Located in Lowell Indiana, Sparkle is a little 6 pound girl with lots of love to give. She started her 7 years of life in a puppy mill and finally was released, She is now learning what a family and home is like. She loves to snooze on the couch and watch the birds out the door. Also,her grass play yard is a favorite. Sparkle is fully vetted,potty trained outside and uses puppy pads. We are working on leash training. her favorite activity is cuddling and follows her foster mom everywhere. If she is not picked up she taps your leg with her paw and once you have made eye contact , she offers you her sweetest crooked grin. She is very sweet and loves attention. if you feel she would fit into your home, Please contact Mary Palmer- 262-633-9371 or her foster mom Alice Roark- 219-696-3258


----------



## Lacie's Mom (Oct 11, 2006)

*STAX:*

Located in Central Wisconsin. This is Stax and he is fun to the max! Playful and loves, loves, loves his daily walks. He enjoys cuddling & sleeping with you. Stax is great on a leash and does fine in a kennel during the day, with toys or a kong. He is about 5yrs old and about 10 pounds, although he looks much smaller, he is packed firmly. He is completely vetted and neutered. The daily walks/play time are essential for this rambunctious little man! He will bring you great joy! Please call Mary for more information at 262-633-9371


----------



## Lacie's Mom (Oct 11, 2006)

These 2 sweet fluffs are now available for adoption and want to find their FUREVER HOME. Please complete an Adoption Application for NMR and then contact Mary Palmer.


----------



## maltese manica (Nov 6, 2012)

I hope that they both find a furever home!
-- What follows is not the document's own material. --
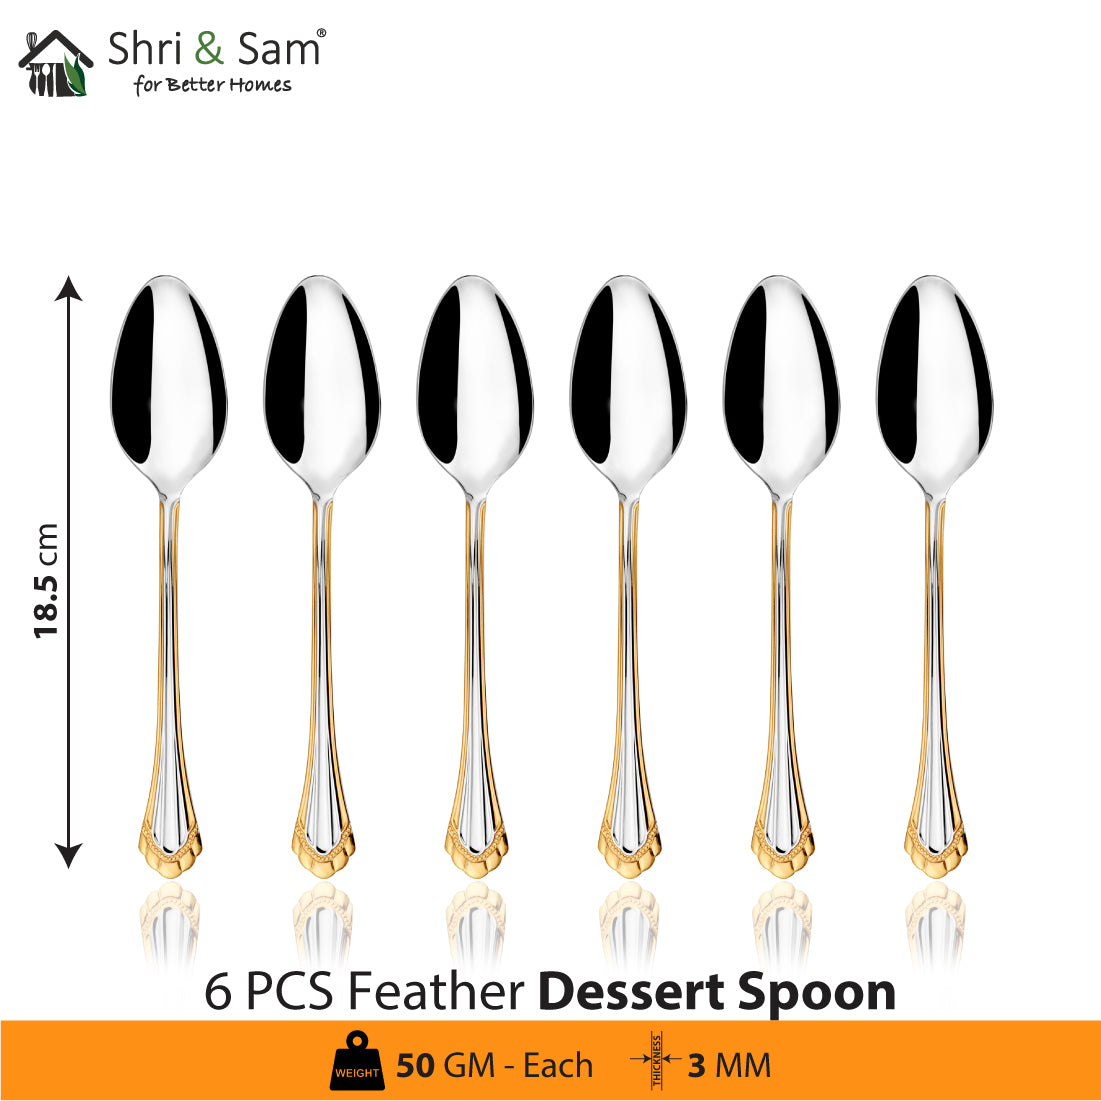 Stainless Steel 24 PCS Cutlery Set with Dessert Soup Spoon Feather
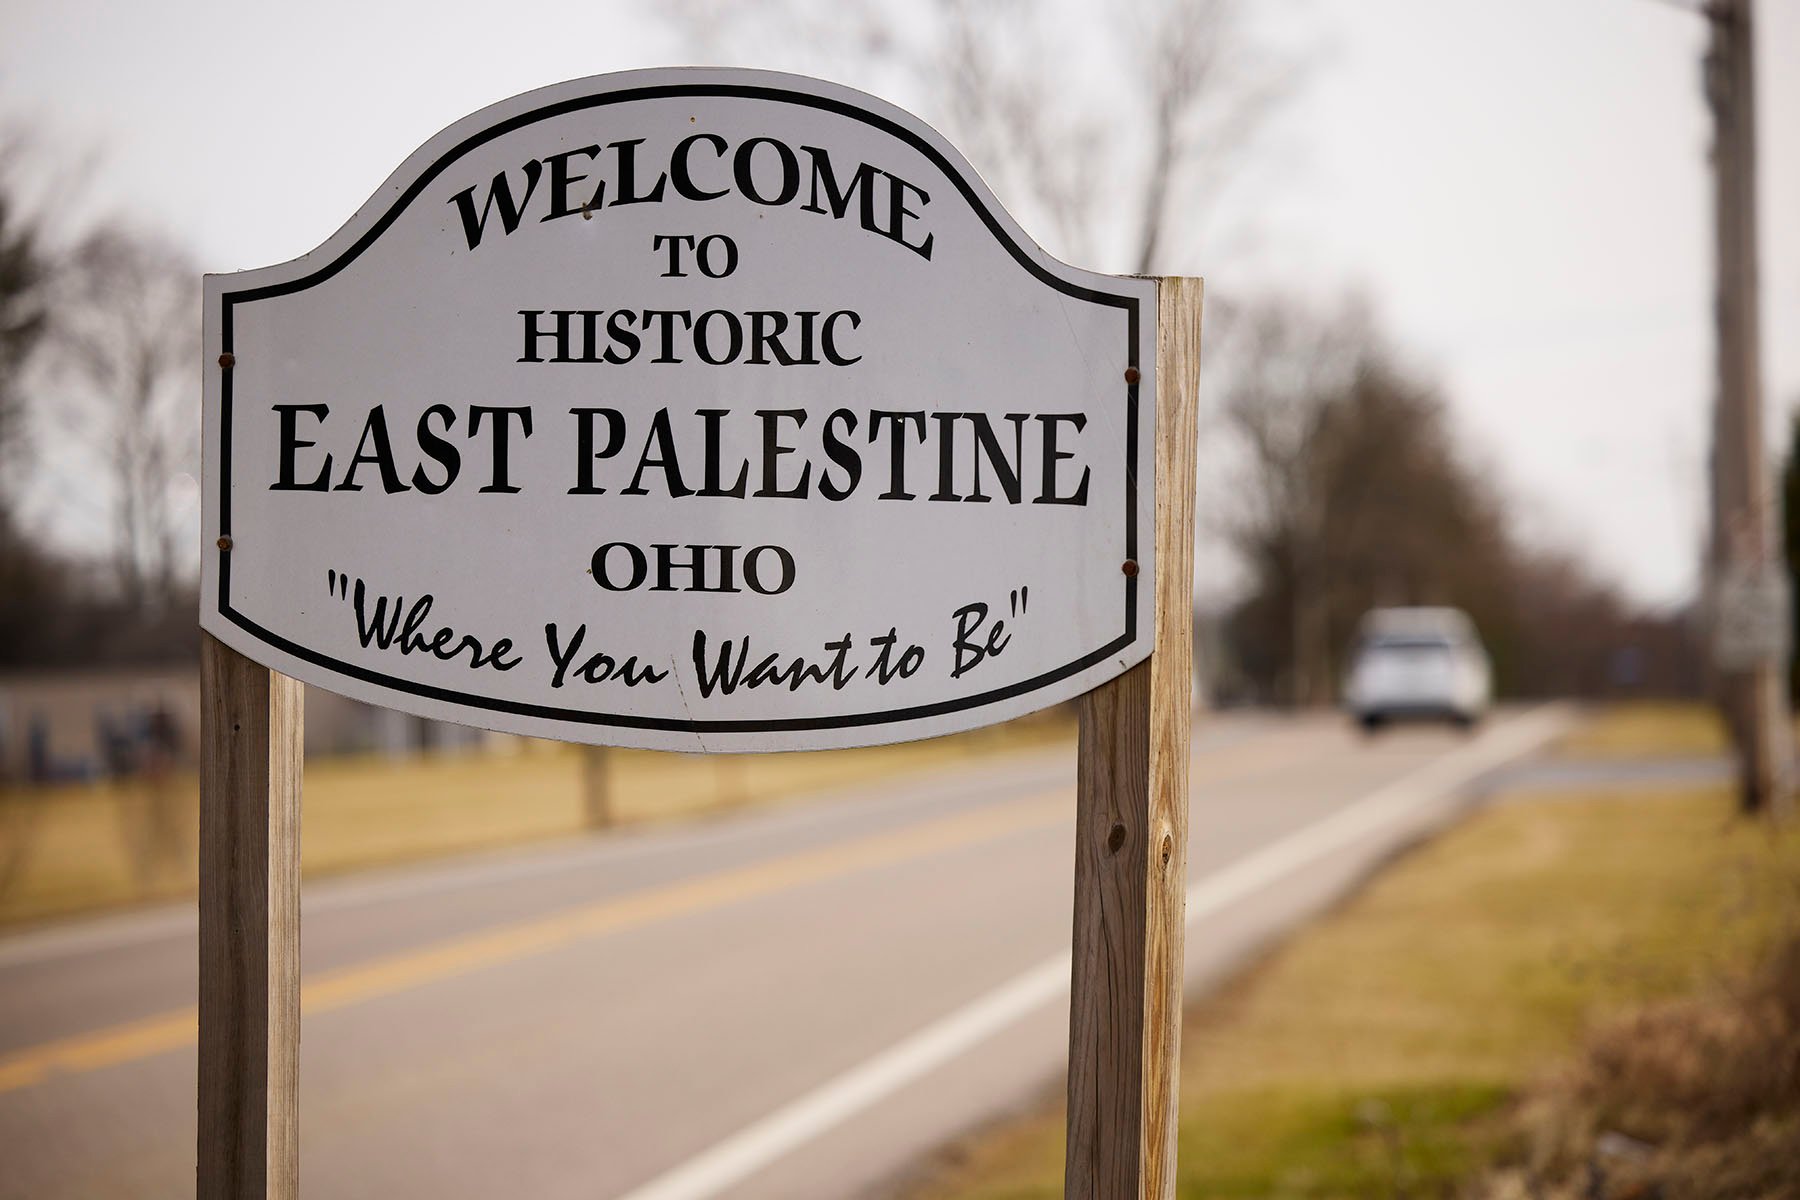 A sign welcomes visitors to the town of East Palestine, Ohio.

Sweet little ones!!


----------



## Zoe's Mom88 (Apr 25, 2011)

They are both so sweet looking. Breaks my heart to see such deserving fluffs in need of a home.


----------



## capone (Dec 29, 2005)

Awwww...adorable! I hope they found a new loving family!


----------



## jane and addison (Nov 1, 2012)

I wish but two will be my limit. Still have a lot of work to do with the new one.


----------